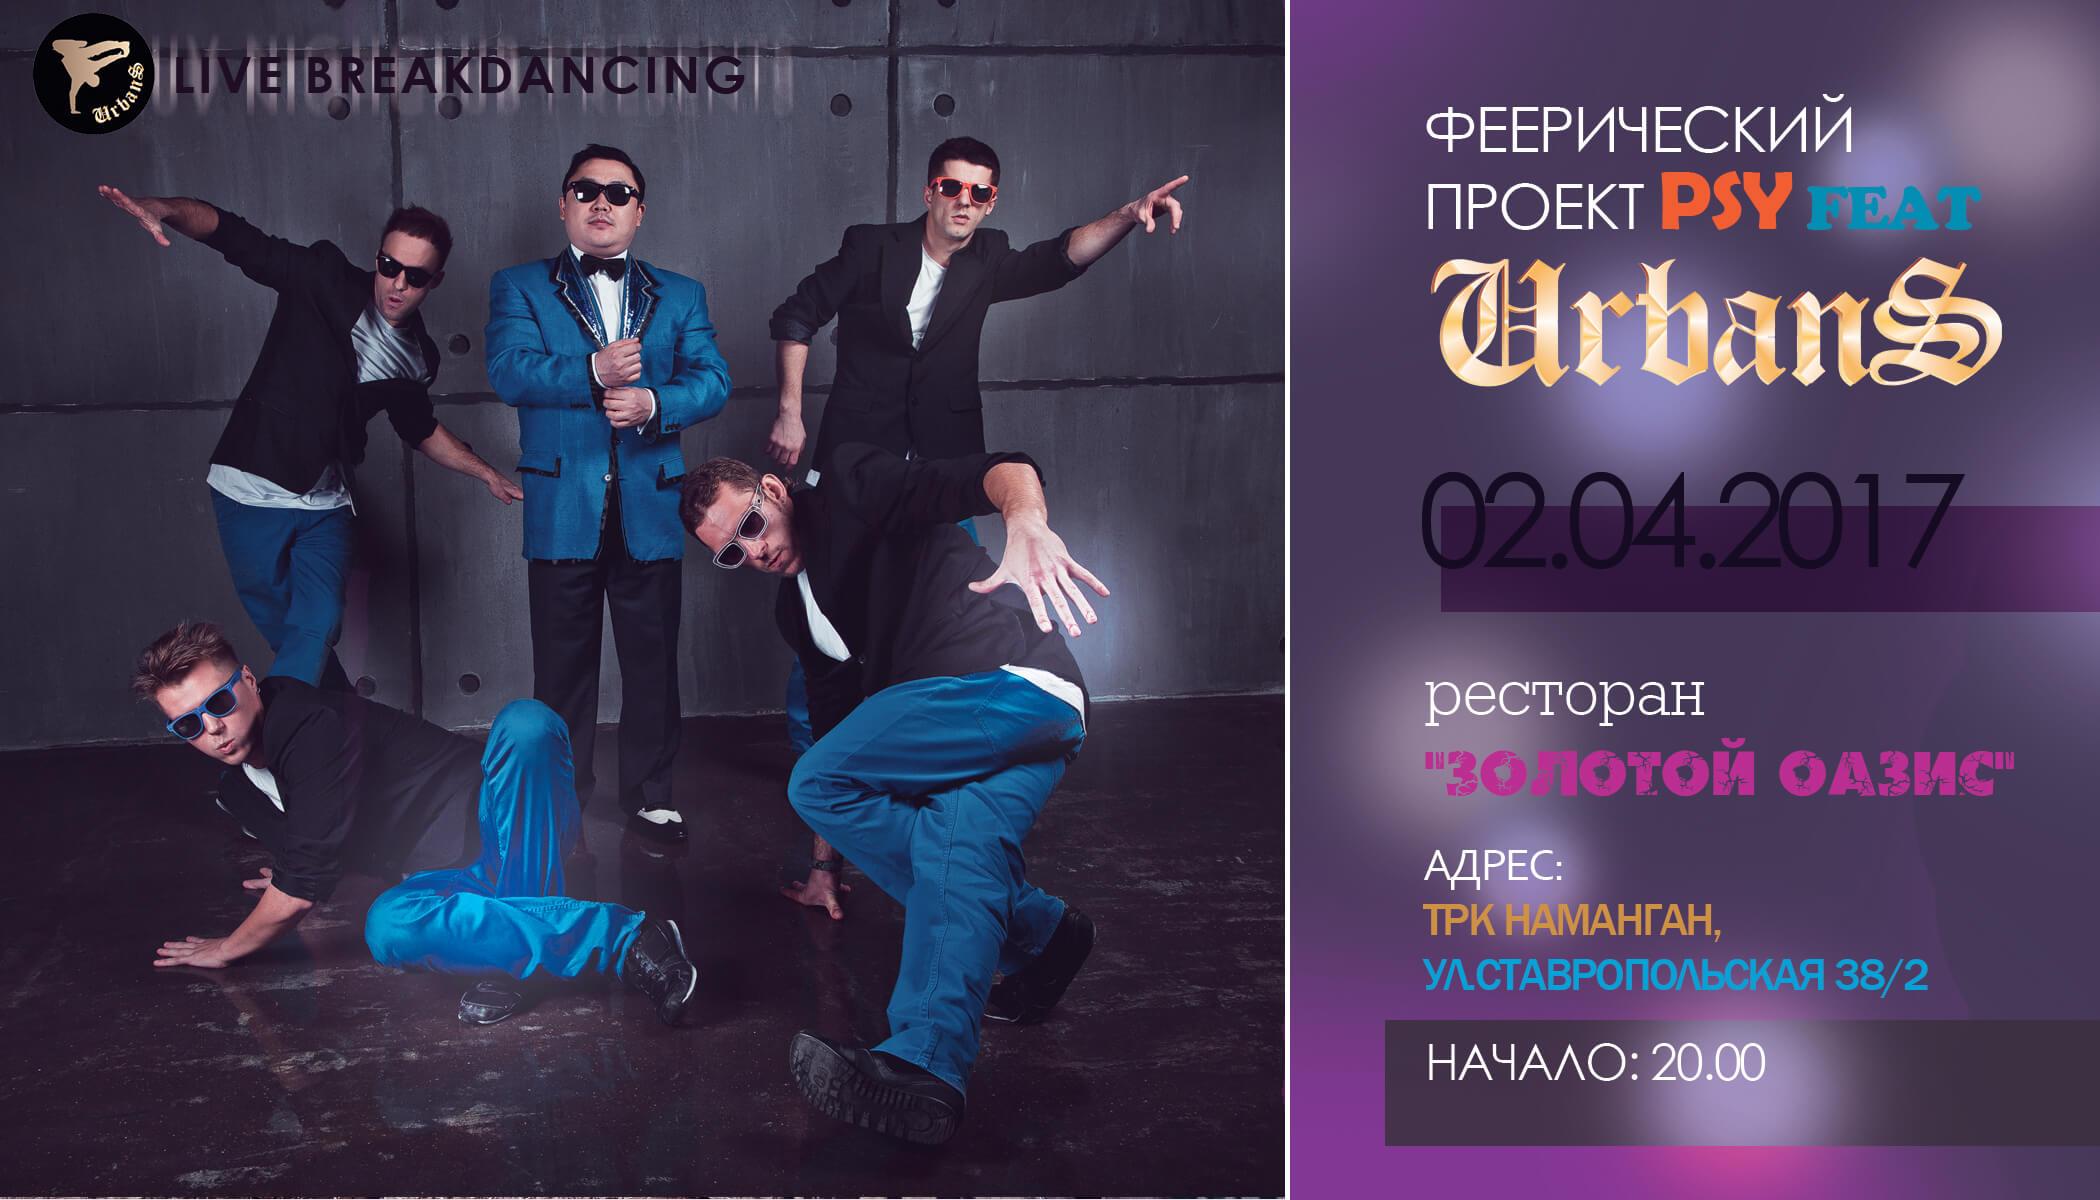 Феерический проект PSY feat Urbans, Золотой Оазис, ТРК Наманган
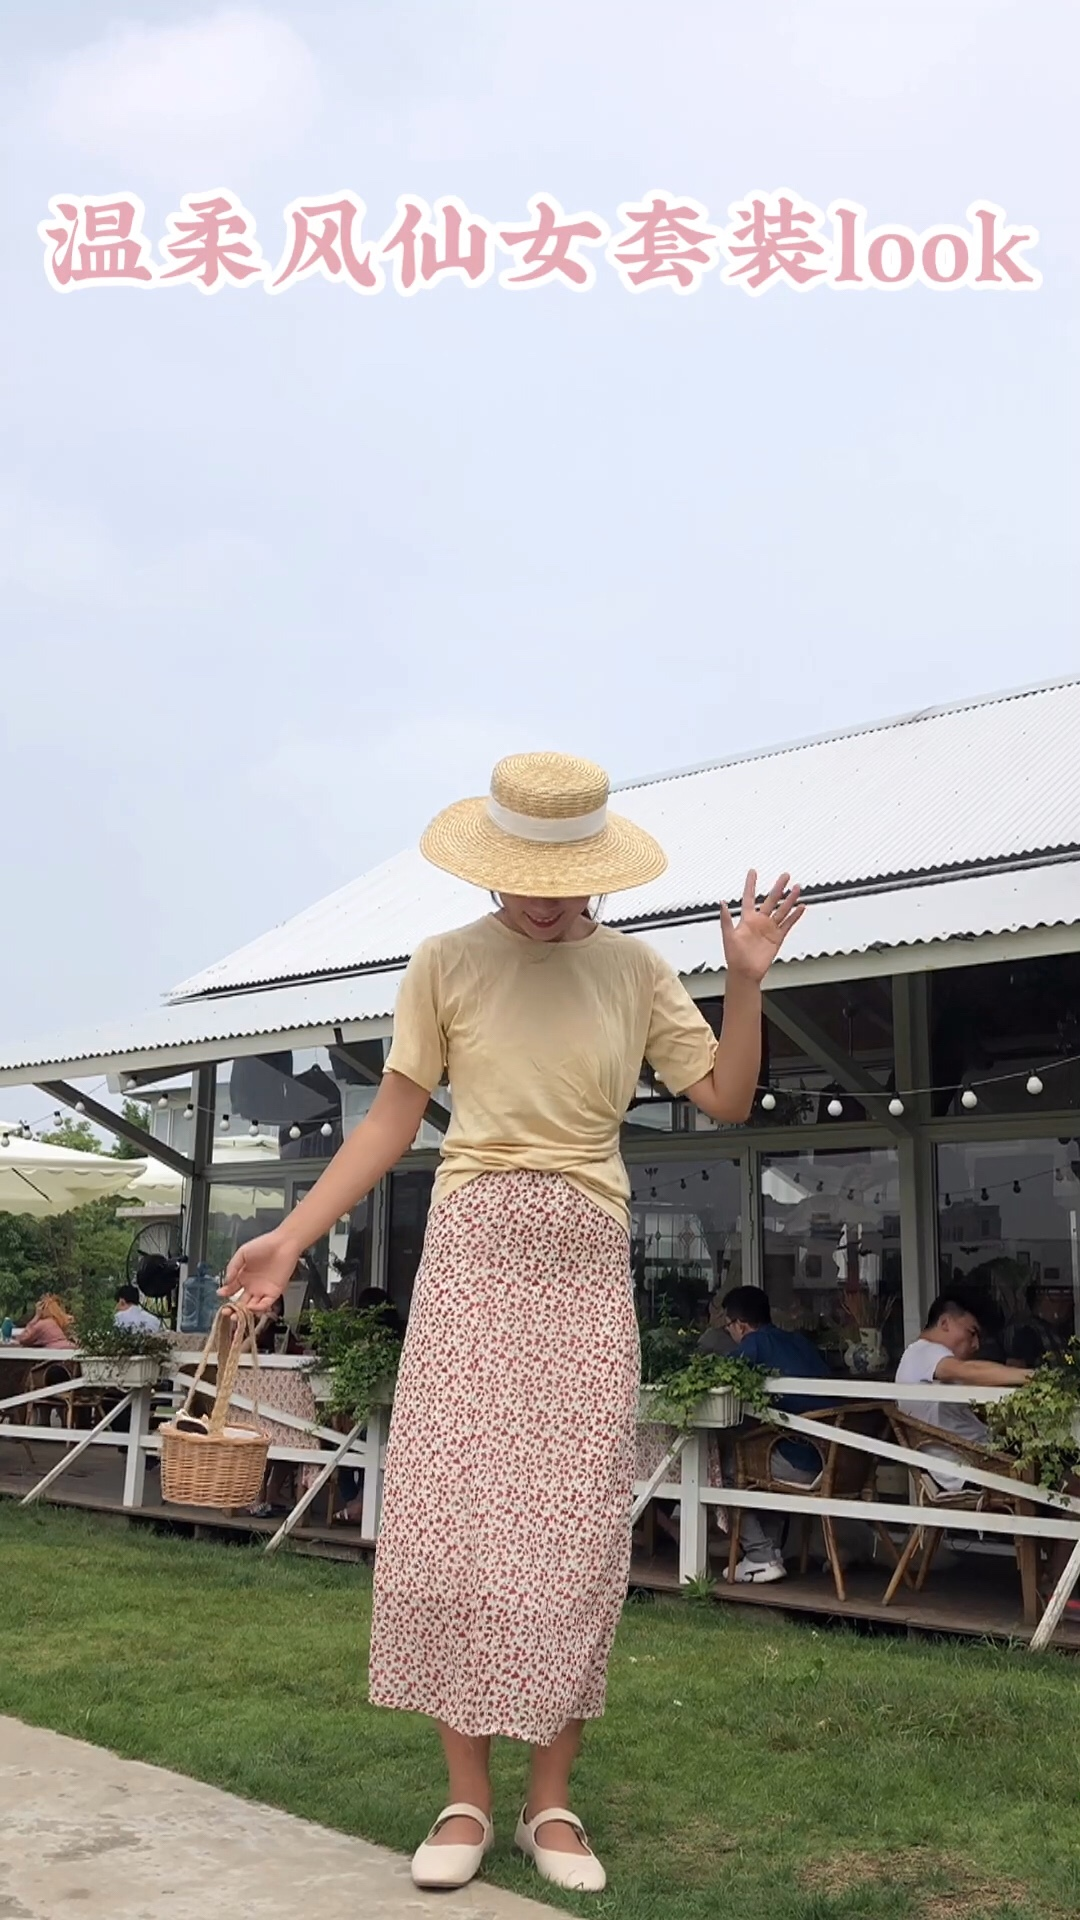 #七夕穿搭攻略,预热走起!#T恤+半裙俨然成为了夏季里女生出行的标志性穿搭,过膝的半身裙算是为腿型bug星人寻觅到了真正良人,遮瑕显腿长,搭配简单的T文艺又清新,谁说T恤只能是牛仔裤的专属?搭配裙子一样可以优雅帅气!
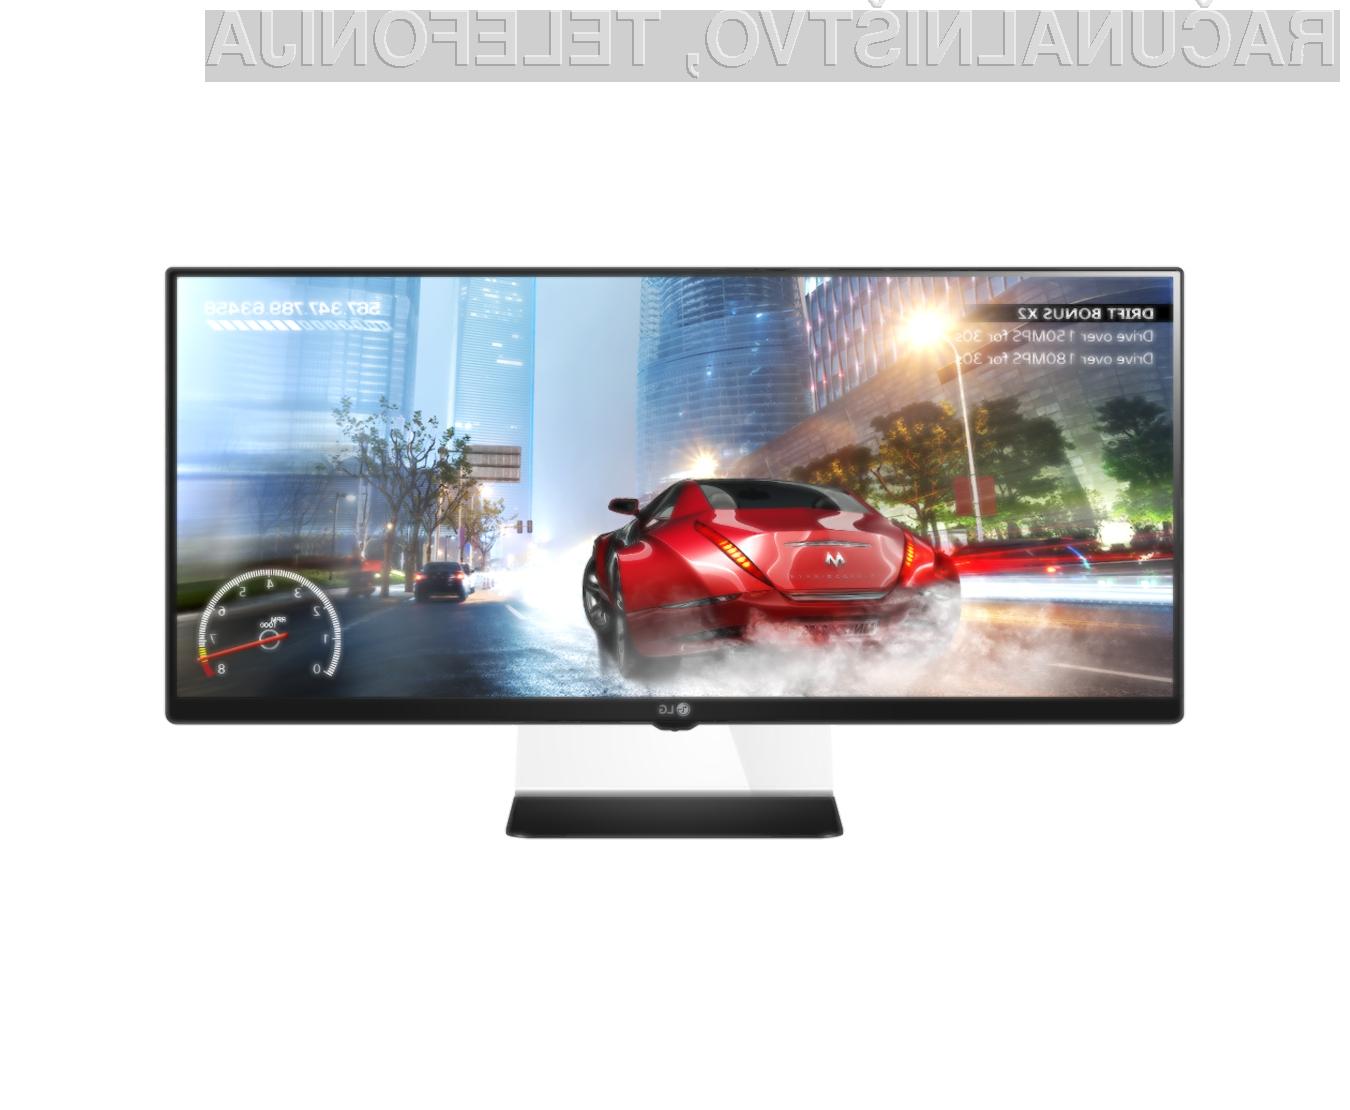 LG je v sodelovanju s podjetjem AMD v monitor IPS formata 21:9 vključil tehnologijo FreeSync, ki zagotavlja najboljšo izkušnjo računalnikih iger brez trganja ali zamrzovanja slike.
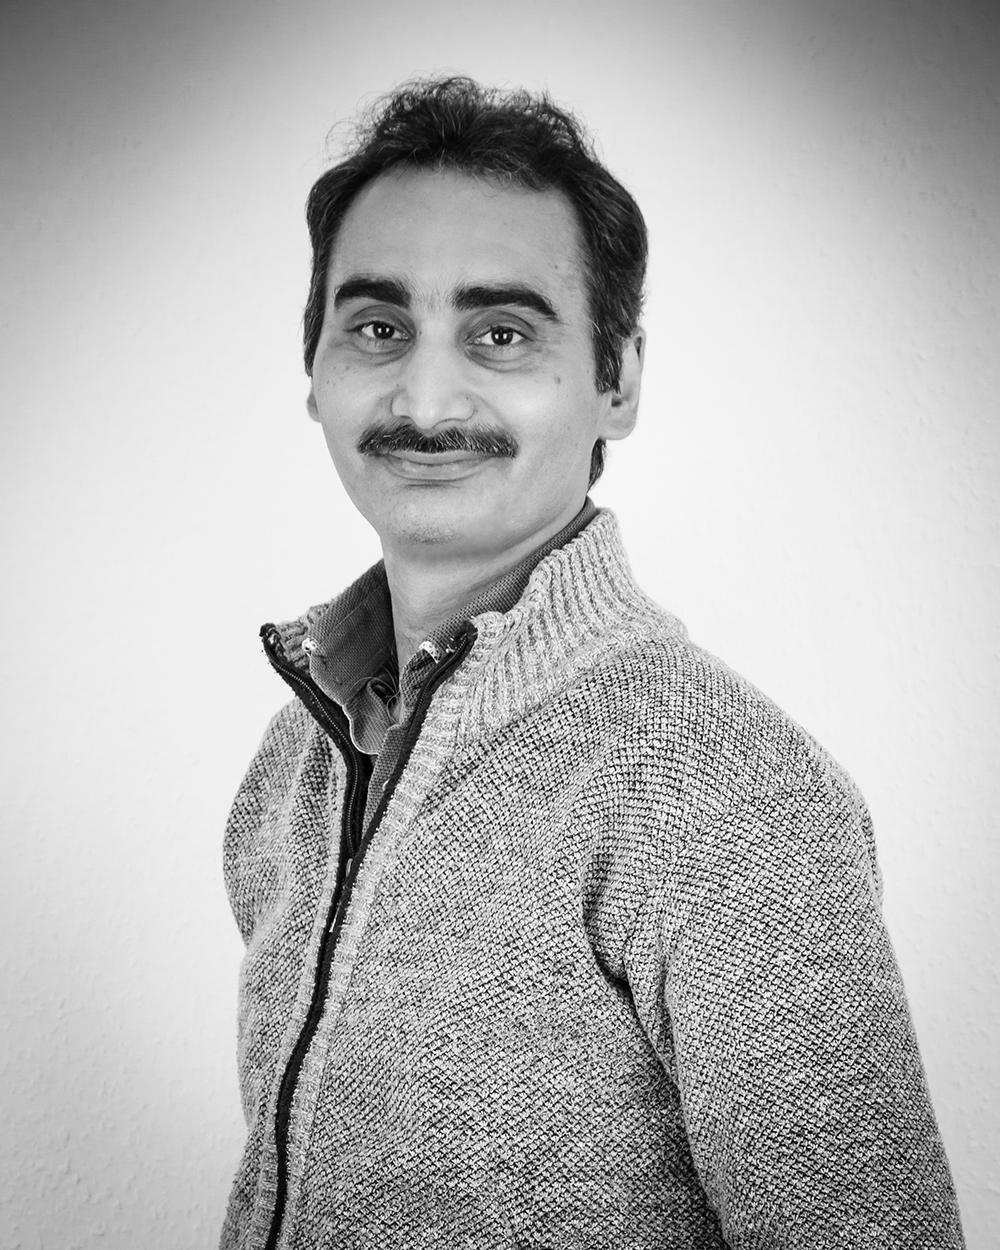 Zeeshan Rasheed
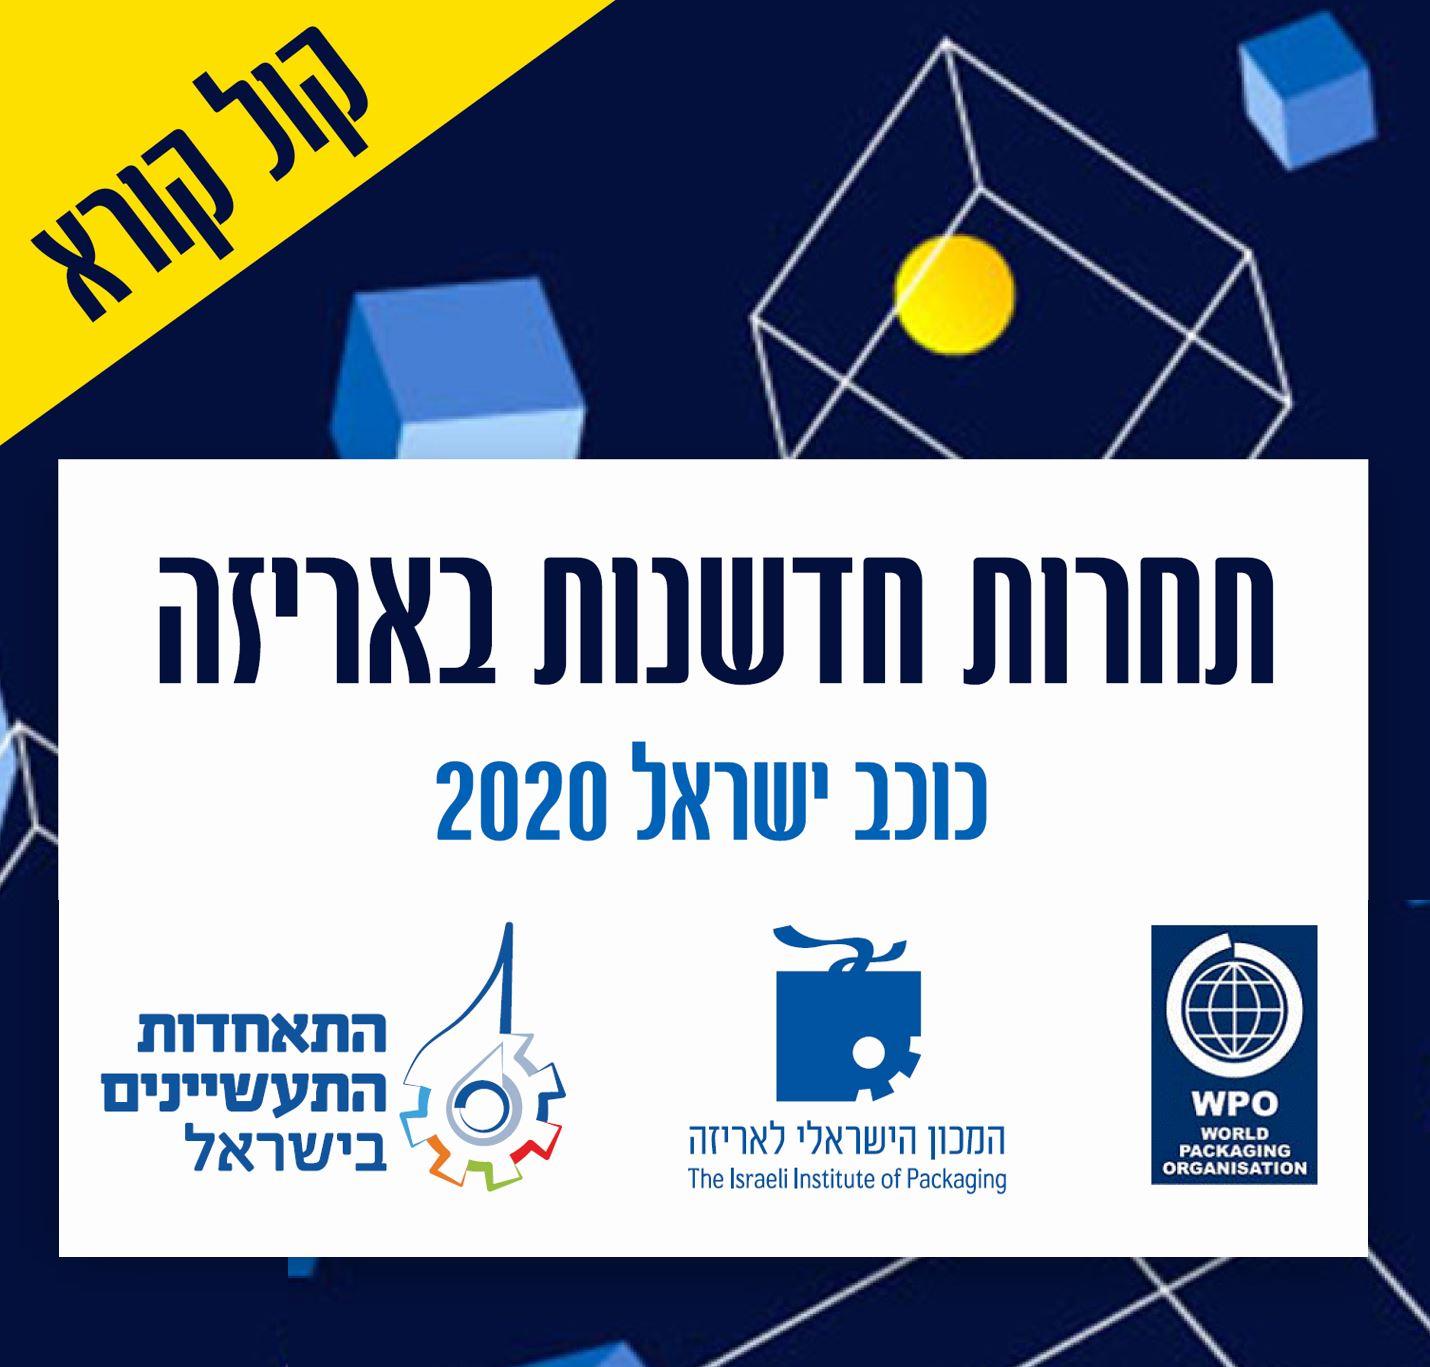 תחרות כוכב ישראל 2019 יוצאת לדרך

--------------------------------------------------

Copy the listing above verbatim, leaving out pictures.

 Феерический проект PSY feat Urbans, Золотой Оазис, ТРК Наманган
 #七夕穿搭攻略,预热走起!#T恤+半裙俨然成为了夏季里女生出行的标志性穿搭,过膝的半身裙算是为腿型bug星人寻觅到了真正良人,遮瑕显腿长,搭配简单的T文艺又清新,谁说T恤只能是牛仔裤的专属?搭配裙子一样可以优雅帅气!
 LG je v sodelovanju s podjetjem AMD v monitor IPS formata 21:9 vključil tehnologijo FreeSync, ki zagotavlja najboljšo izkušnjo računalnikih iger brez trganja ali zamrzovanja slike.
 Zeeshan Rasheed
 תחרות כוכב ישראל 2019 יוצאת לדרך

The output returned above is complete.